I messed up a bit on the previous bit of backtesting, although the way I messed up was informative. The previous round of backtesting tested the beatflukes variant (not vanilla), and each year had all the game results of the previous seasons in my dataset. So, 2006′s results was using a beatpath graph based off of game outcomes from 2003 – 2006.
I’ve managed to configure the backtesting script a bit more correctly now, and I’ve also included a first stab of the tiebreaker method that uses paths in and paths out, which is what Moose uses for his non-weighted rankings. Below is the grid for the vanilla variant.

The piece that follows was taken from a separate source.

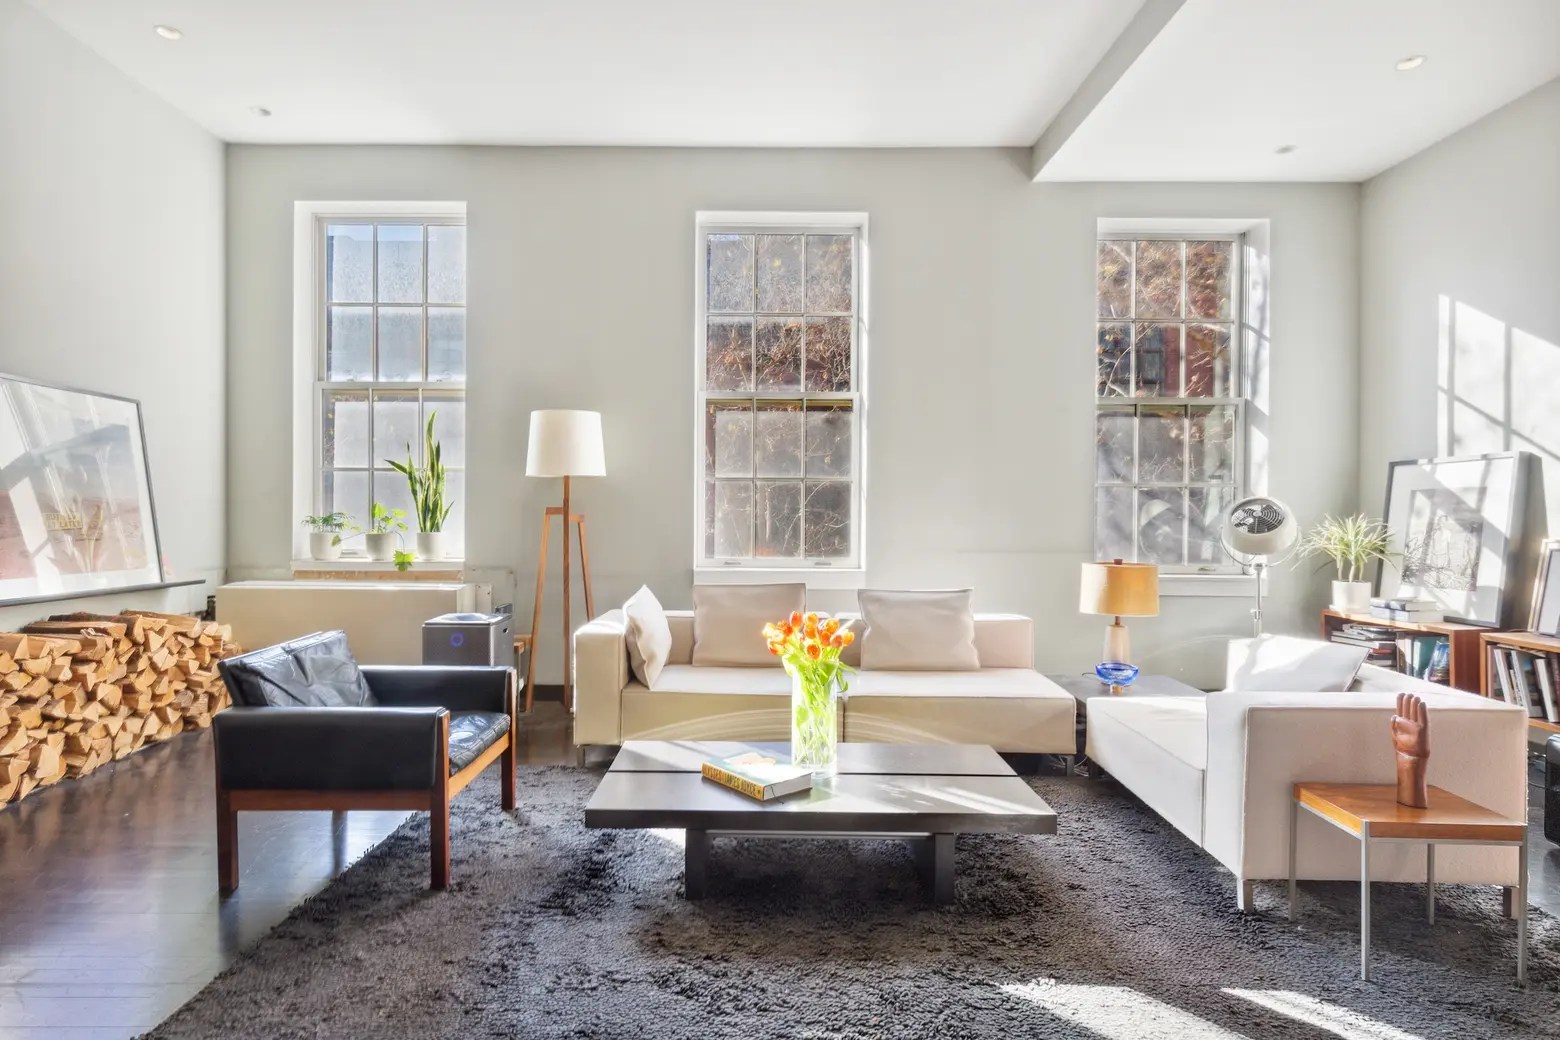 For $1.9M, this cozy Chelsea prewar co-op is surrounded by beauty

| Year | Random | uNet | Prev. Week | Beatloop Str. | Fractional | BPower/Win/Loop | Str. of Beatwins | Bucklin | UPower | UPower/Loop | UNet-Lookahead | Paths In/Out |
| 2004 (50-33) | 149-118 | 160-107 | 153-114 | 158-109 | 153-114 | 162-105 | 158-109 | 156-111 | 153-114 | 161-106 | 153-114 | 157-110 |
| 2005 (71-30) | 160-107 | 167-100 | 167-100 | 164-103 | 165-102 | 162-105 | 169-98 | 168-99 | 165-102 | 162-105 | 167-100 | 167-100 |
| 2006 (56-46) | 147-120 | 154-113 | 151-116 | 150-117 | 154-113 | 156-111 | 155-112 | 154-113 | 154-113 | 153-114 | 151-116 | 150-117 |
| 2007 (89-35) | 166-101 | 170-97 | 160-107 | 162-105 | 168-99 | 170-97 | 166-101 | 170-97 | 168-99 | 169-98 | 160-107 | 173-94 |
| 2008 (73-44) | 156-110 | 152-114 | 157-109 | 158-108 | 152-114 | 147-119 | 154-112 | 159-107 | 152-114 | 148-118 | 157-109 | 152-114 |
| TOTAL: 64.33% | 58.32% | 60.19% | 59.07% | 59.37% | 59.37% | 59.74% | 60.12% | 60.49% | 59.37% | 59.45% | 59.07% | 59.90% |
And here are all the tiebreaker variants for single-year data sets using beatflukes graphs:
| Year | Random | uNet | Prev. Week | Beatloop Str. | Fractional | BPower/Win/Loop | Str. of Beatwins | Bucklin | UPower | UPower/Loop | UNet-Lookahead | Paths In/Out |
| 2004 (54-34) | 151-116 | 157-110 | 152-115 | 161-106 | 156-111 | 161-106 | 159-108 | 156-111 | 156-111 | 158-109 | 152-115 | 158-109 |
| 2005 (76-35) | 152-115 | 169-98 | 168-99 | 168-99 | 168-99 | 165-102 | 172-95 | 166-101 | 168-99 | 162-105 | 168-99 | 165-102 |
| 2006 (67-53) | 146-121 | 145-122 | 151-116 | 148-119 | 148-119 | 153-114 | 146-121 | 148-119 | 148-119 | 150-117 | 151-116 | 147-120 |
| 2007 (89-37) | 161-106 | 172-95 | 166-101 | 164-103 | 167-100 | 175-92 | 166-101 | 167-100 | 167-100 | 171-96 | 166-101 | 173-94 |
| 2008 (80-49) | 154-112 | 156-110 | 159-107 | 161-105 | 156-110 | 153-113 | 159-107 | 165-101 | 156-110 | 152-114 | 159-107 | 155-111 |
| TOTAL: 63.76% | 57.27% | 59.90% | 59.67% | 60.12% | 59.60% | 60.49% | 60.12% | 60.12% | 59.60% | 59.45% | 59.67% | 59.82% |
So, conclusions? First it’s odd and a bit discouraging that the accuracy for a season is pretty much indistinguishable from accuracy based off of multiple seasons of games all mixed together. As for the accuracy levels, I found one resource saying that Isaacson-Tarbell was 158-97-1 in 2008 – in the regular season. That’s 61.9%. None of the variants beat that, but the actual beatpath picks (a subset of all the games) do beat that. But, who’s to say that Isaacson-Tarbell wouldn’t pick that same subset even more accurately? At any rate, further investigation is required to see if some combination of beatpaths picks, better-record, and home team could beat Isaacson-Tarbell.